Assuming that there are universally applicable motion-based features which can be fetched from sensor data (e.g., acceleration and angular velocity along the X-Y-Z axes) provides the generalizability across species. These traits of motion are not species-specific; they don’t represent unique biomechanical properties — they’re applicable to many animals. Whereas traditional methods are based upon species-specific behavior patterns, we explore feature abstraction, which ensures that the model learns general motion signatures instead of species-dependent features.

Additionally, active learning strategies utilized in this framework work in a species-independent manner, selecting informative samples based on probability distributions, instead of relying on prior knowledge of branch-specific behavior. So, the annotation process is data-driven uncertainty measures guided, which means that we will have the input of the most valuable and representative samples for performing the annotations, which gives efficiency while handling with accuracy. This decoupling of species-specific traits means the framework is scalable, flexible, and widely applicable to animal behavior research, decreasing the annotation burden for other animal studies, including precision livestock farming and wildlife surveillance.

3. Experiment Design

Data from sixteen laying hens were collected over four days—March 4, June 8, July 13, and July 20, 2020—between 10:00 a.m. and 4:00 p.m. Each day, a group of four individuals (weighing approximately 2112 g and aged between 61 and 75 weeks) was selected from each pen. We chose these four days specifically because laying hens among these days behaved higher mobility with more number of behavioral patterns never used in previous studies.

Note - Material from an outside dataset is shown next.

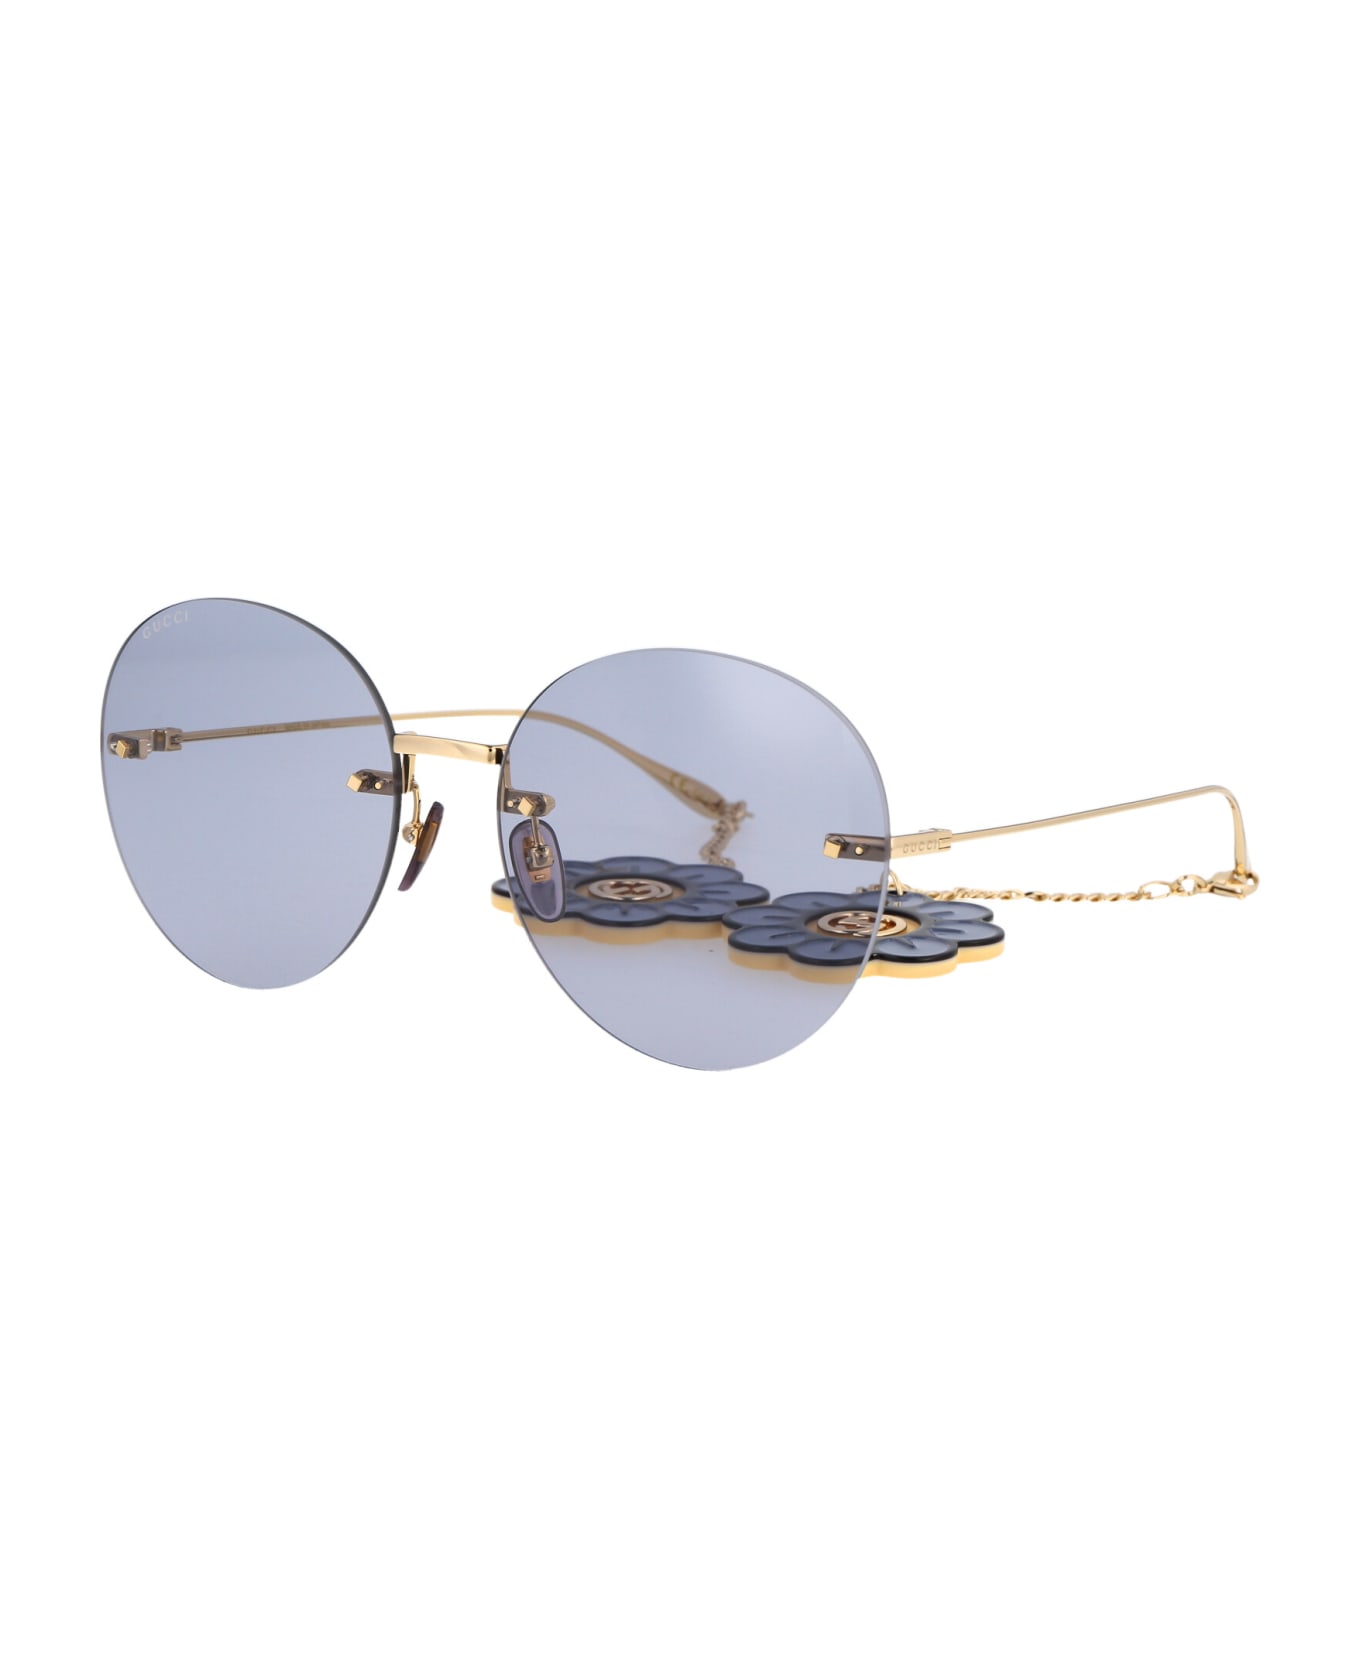 Gucci Eyewear Gg1149s Sunglasses - 006 GOLD GOLD VIOLET

The primary device that accesses motion data is via a wearable device of a wireless inertial measurement unit. It contains a 3-axis accelerometer (19.62 m/s2 [2 G]) and 3-axis angular velocity sensor (500 degree/s) (i.e., gyroscope), marked as "TSDN151, 282 ATR-Promotions".

Another device is a camera placed on the inside box-top area, used to record video streams of broilers living in 100cm X 76cm cages, They are synchronized so that the annotator can thoroughly examine the animal’s behavior through a moment of videoframes and decide to annotate the sequences of sensor recordings of 1.28 sec.

The remaining environment-enrichment equipment, including a nest-box and a perch bridged at a higher position of the nest-box, a food pool, and a water pool placed aligned to the cage outward, they can be used to collect and distinguish data of various contexts, including pecking box, skipping to box from the ground, skipping from box to stretch, skipping down, eating with a lower posture, and drinking with a higher posture.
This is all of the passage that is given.